» What you will do: The answer is the data repeated in full, with no pictures included.

» Recorded information:
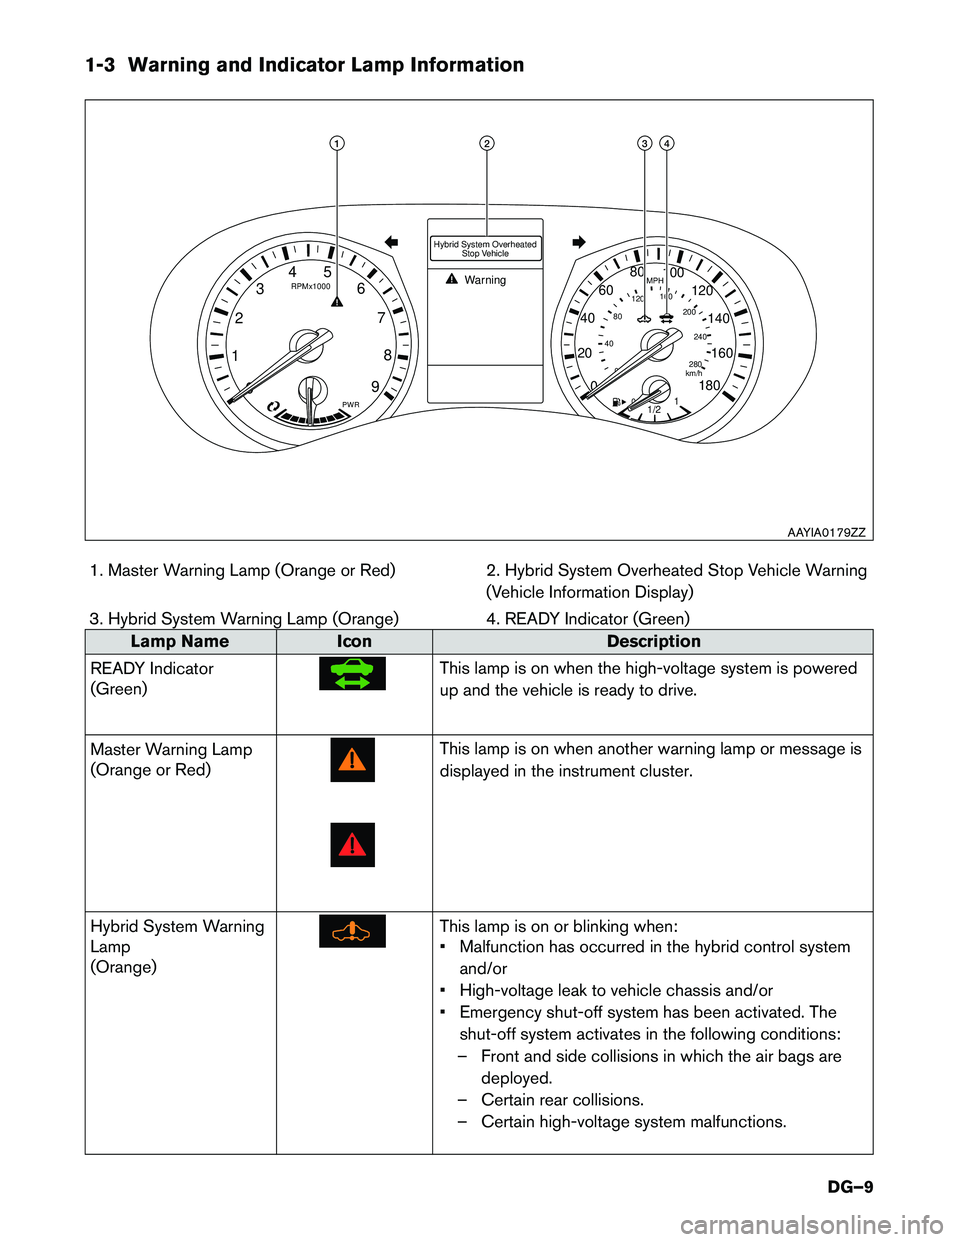 INFINITI Q50 HYBRID 2016  Dismantling Guide 1-3 Warning and Indicator Lamp Information
1. Master Warning Lamp (Orange or Red) 2. Hybrid System Overheated Stop Vehicle Warning
(Vehicle Information Display)
3. Hybrid System Warning Lamp (Orange)

» Reply to the task:
 INFINITI Q50 HYBRID 2016  Dismantling Guide 1-3 Warning and Indicator Lamp Information
1. Master Warning Lamp (Orange or Red) 2. Hybrid System Overheated Stop Vehicle Warning
(Vehicle Information Display)
3. Hybrid System Warning Lamp (Orange)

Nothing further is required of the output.